Born 1966 in Spain | Lives and works in India
Gayatri Gamuz when asked in an interview about her adopted homeland of the last two decades says, “I feel one with the land in many respects… I don’t pretend to belong here or feel that India is mine. … I am a long time tourist in India, and also on the planet”
Born in Alicante, Spain and living in South India for most of her adult life, she has made a mark as a contemporary artist in India. Her artist name is itself a joining together of her adopted Indian name and her Spanish surname.
She started her art practice in the city of Kochi in South India in the nineties, a period when the contemporary visual art movement was burgeoning in Kerala. Playing a leading role as artist in the Tree Festivals, in contemporary art festivals and in art collectives that happened there in this period, Gayatri was schooled in the vibrant social and political discourse of Kerala.
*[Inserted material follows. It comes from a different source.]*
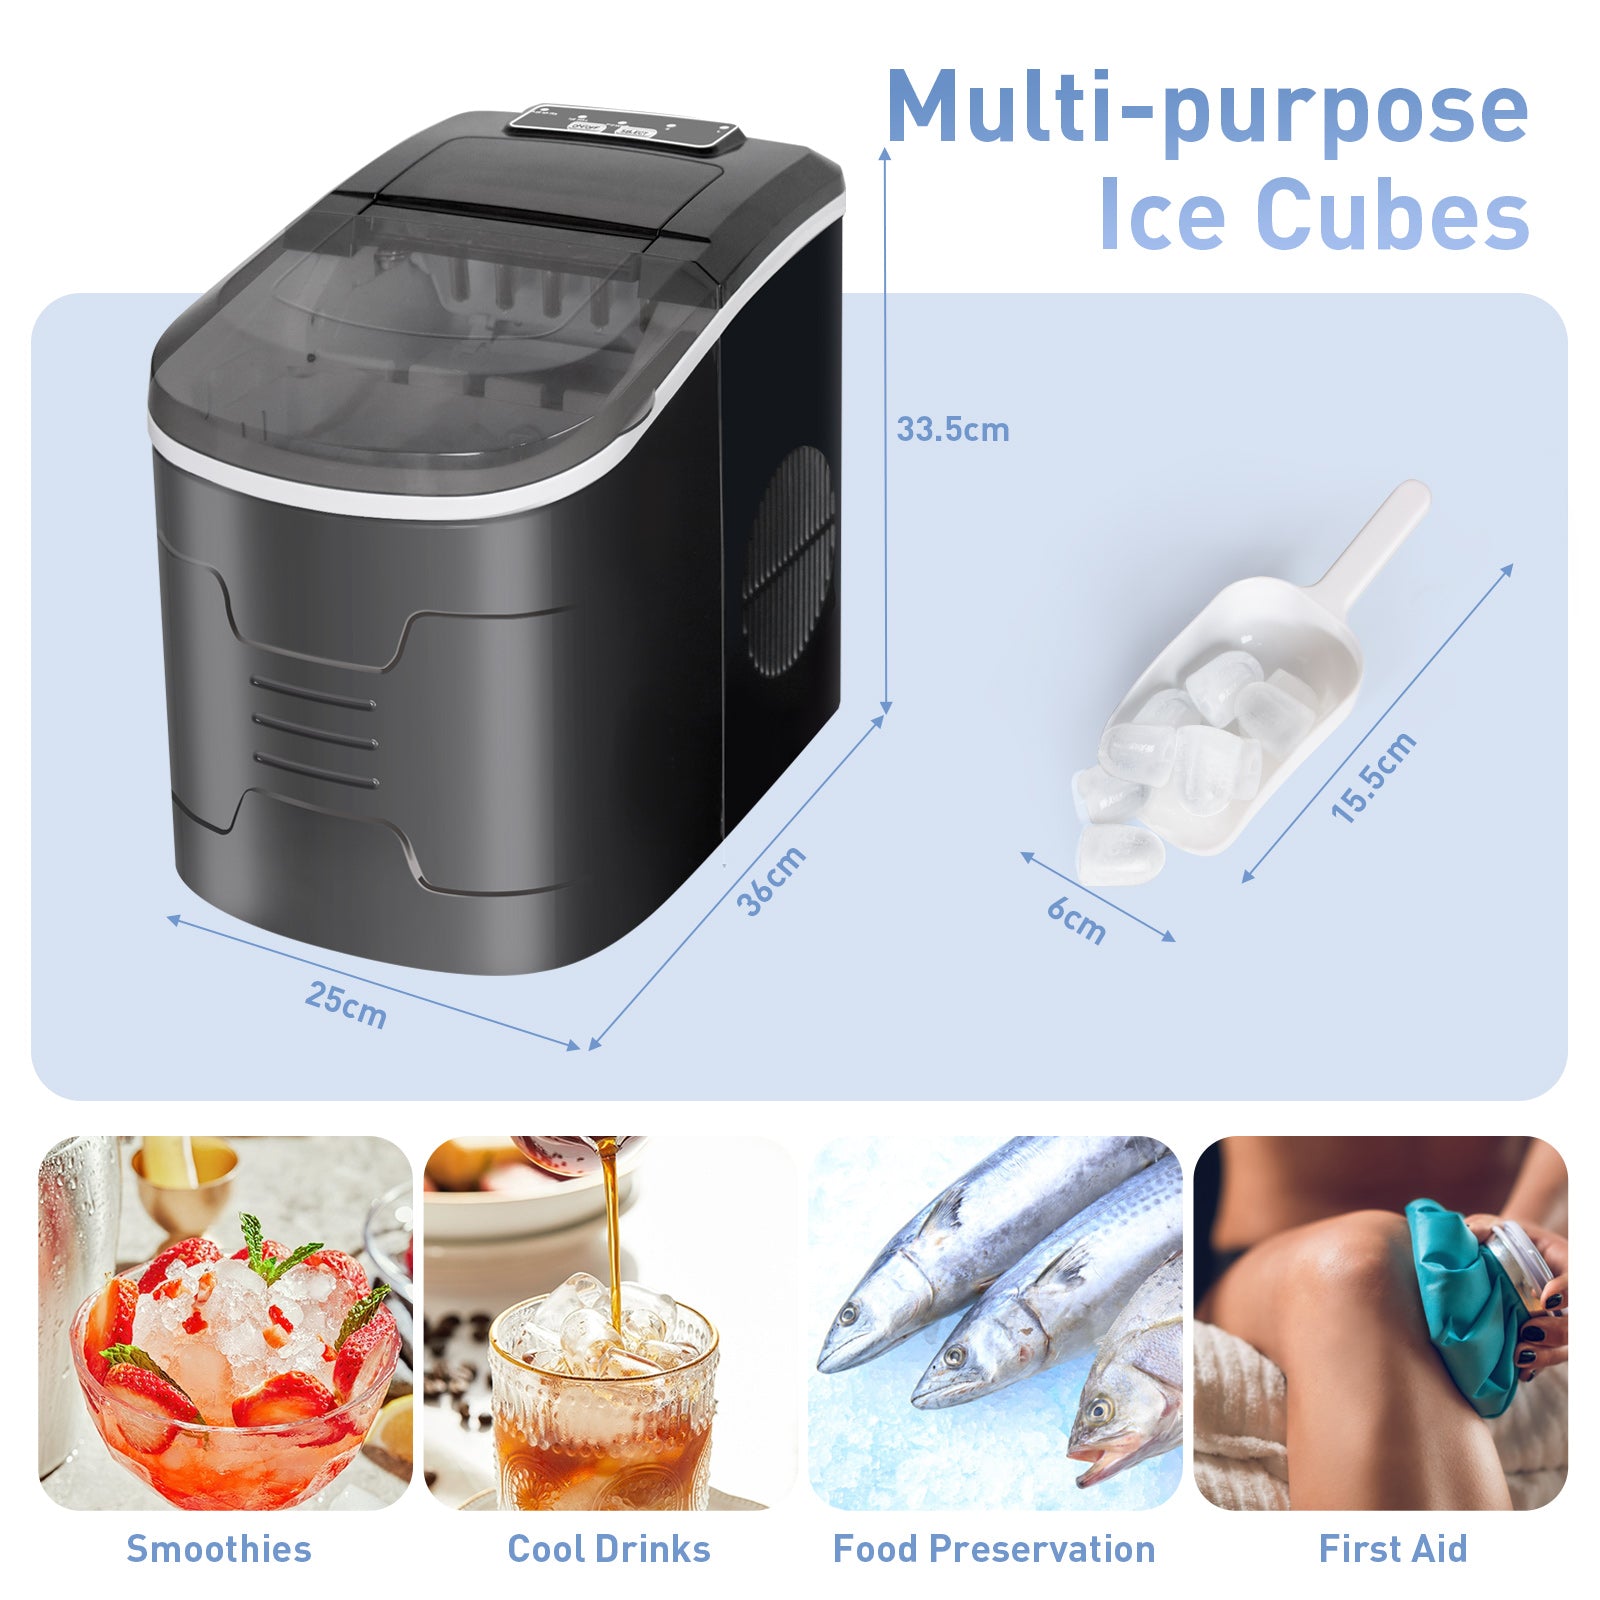 Ice-Maker-for-Home-2-2L-Capacity-2-Ice-Cube-Sizes-12kg-in-24h-9-Ice-Cubes-in-6-10-Minutes-Self-Cleaning-Ice-Maker-Large-Transparent-Lid-Ice-Maker-for-Home-Capacity-2-2L

However it was when Gayatri moved with her family a decade back to the rural areas around Thiruvannamalai in Tamil Nadu and started living on the land that a new found synergy in nature created a pronounced shift in her art as observed by the London based Jana Manuelpillai in a critical text. He comments that Gamuz creates hyperrealist paintings that have an instant comprehensibility to the viewer and are comparable to the succinctness of a Haiku poem.
Gayatri’s works are evocative of the ecological concerns of our times exploring the nature/culture/technology debate and talking about dispossession. . Amrita Gupta Singh, art writer based in Mumbai, reviewing Gayatri’s works says “the cultural duality of being a white Spanish in a post-colonial country, of a split identity, does not appear in her work, evoking a humanist philosophy, despite impositions of geographical boundaries and diverse nationalities…Gayatri speaks intimately of the concerns of the 21st century, of the fragmentation of the human condition. It is the image of a world upside down, dislocated from its moorings, a crisis that waits to be restored.”
“The specificities of location, its history, mythology and present-ness, in which an artist finds herself positioned, are very important in understanding the works of an artist like Gayatri Gamuz” says Johnny M.L, curator and art critic based in New Delhi. He observes that her poignant images addresses the global from a chosen locale and for her this location of Thiruvannamalai is a meeting point of two oppositional forces, the sylvan rural and the globalizing urban.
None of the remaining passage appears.